Euthanasie : Hollande face à l’enseignement de l’Eglise… et à la loi naturelle

Lu ici :

"L'Association pour le droit à mourir dans la dignité (ADMD), principale association à défendre le choix en faveur de l'euthanasie active, se demande quant à elle pourquoi François Hollande a choisi de demander une "énième mission". "Aurait-on eu l'idée de demander une mission pour trancher la question du mariage homosexuel?", s'interroge Jean-Luc Romero, son président, joint par le Huffington Post. "Il y a déjà eu plusieurs missions, ce qu'il faut c'est prendre une décision", ajoute le président de l'ADMD.

“Tu ne tueras point”

La position de l’église catholique est depuis des centaines d'années à l'opposé: “L'homme n'a pas à provoquer délibérément la mort de son semblable; cela dépasse son pouvoir”, indiquait en 1991 le Conseil permanent de la Conférence des évêques de France. Cette position n’a pas évoluée depuis, et a été rappelée en 2007 :

"“Le commandement biblique: “Tu ne tueras point” exige de la famille et des soignants de ne pas chercher à hâter la mort du malade, et des malades de ne pas attenter à leurs jours, ni de demander l'aide d'autrui dans cet objectif. En nous appuyant sur ce commandement nous exprimons une opposition très ferme à toute forme d'assistance au suicide et à tout acte d'euthanasie”.

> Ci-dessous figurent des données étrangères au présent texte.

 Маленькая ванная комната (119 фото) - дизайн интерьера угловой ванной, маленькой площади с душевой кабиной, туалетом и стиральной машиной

Concilier l’inconciliable, telle est la mission du soldat Hollande. Anticipant une réaction côté catholique, le président a justement reçu dans la foulée de sa visite Mgr André Vingt-Trois, président de la Conférence des évêques de France. Lequel a, tout naturellement, réitéré la position de l’Église. Aux journalistes qui lui faisaient observer que le président Hollande s'interrogeait sur la possibilité d'aller "plus loin" que la loi Leonetti sur la fin de vie, Mgr Vingt-Trois a répondu: "Je trouve que c'est une bonne question. Mais ce n'est pas parce qu'on pose une question qu'on y répond positivement".

Il est vrai que l'enseignement de l'Eglise est très clair :

"Par euthanasie au sens strict, on doit entendre une action ou une omission qui, de soi et dans l'intention, donne la mort afin de supprimer ainsi toute douleur. « L'euthanasie se situe donc au niveau des intentions et à celui des procédés employés » (…)

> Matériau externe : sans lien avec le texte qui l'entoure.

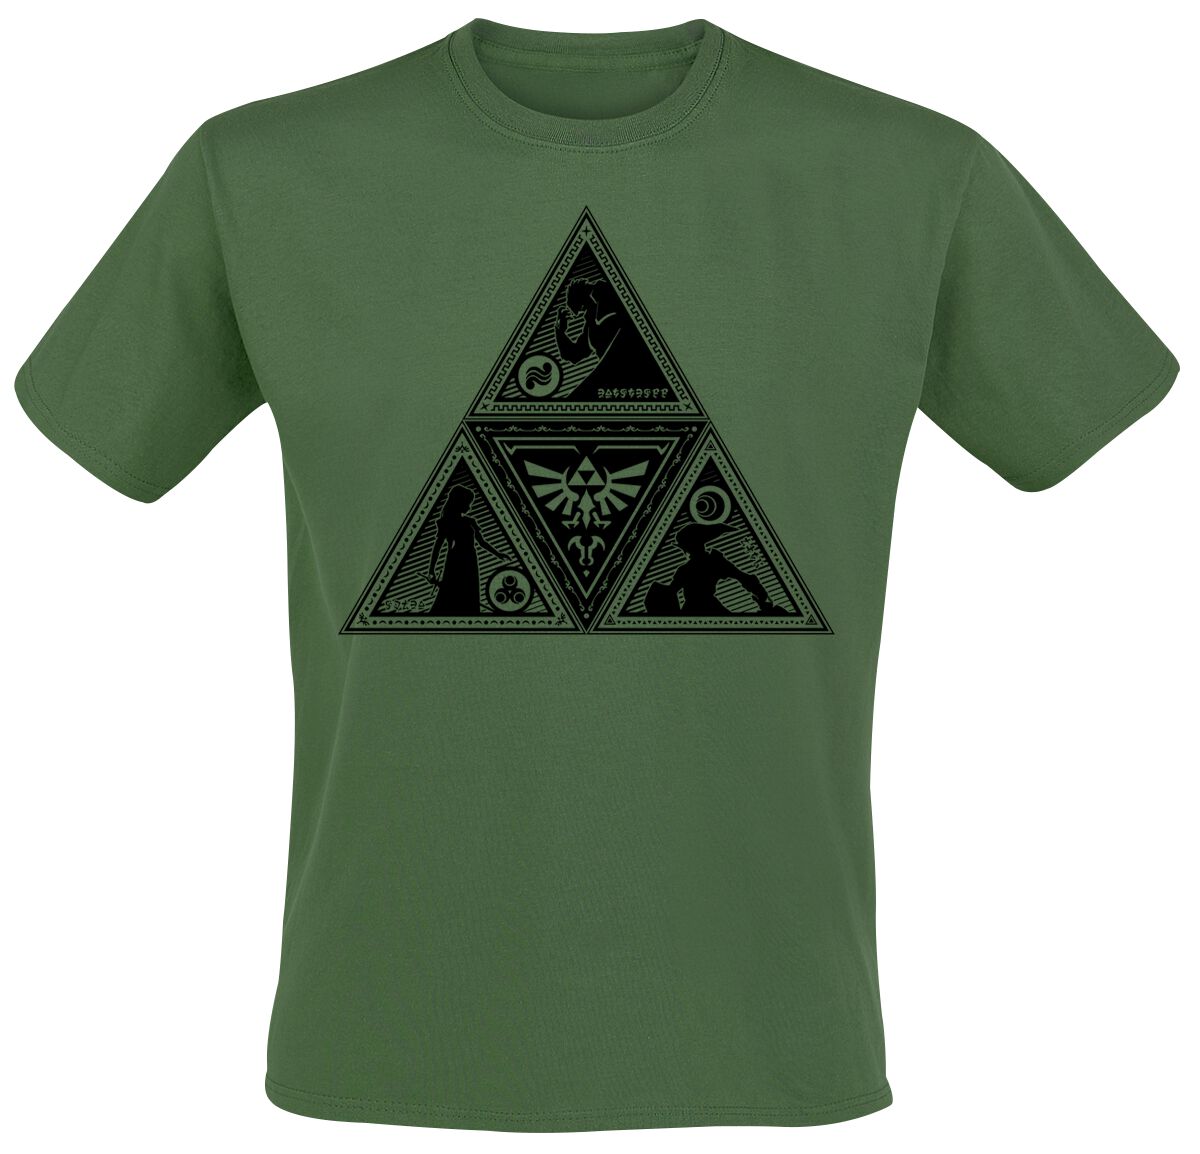 The Legend Of Zelda Triforce T-Shirt dunkelgrün in M

en conformité avec le Magistère de mes Prédécesseurs et en communion avec les Evêques de l'Eglise catholique, je confirme que l'euthanasie est une grave violation de la Loi de Dieu, en tant que meurtre délibéré moralement inacceptable d'une personne humaine. Cette doctrine est fondée sur la loi naturelle et sur la Parole de Dieu écrite; elle est transmise par la Tradition de l'Eglise et enseignée par le Magistère ordinaire et universel" (Jean-Paul II, Evangelium Vitae)".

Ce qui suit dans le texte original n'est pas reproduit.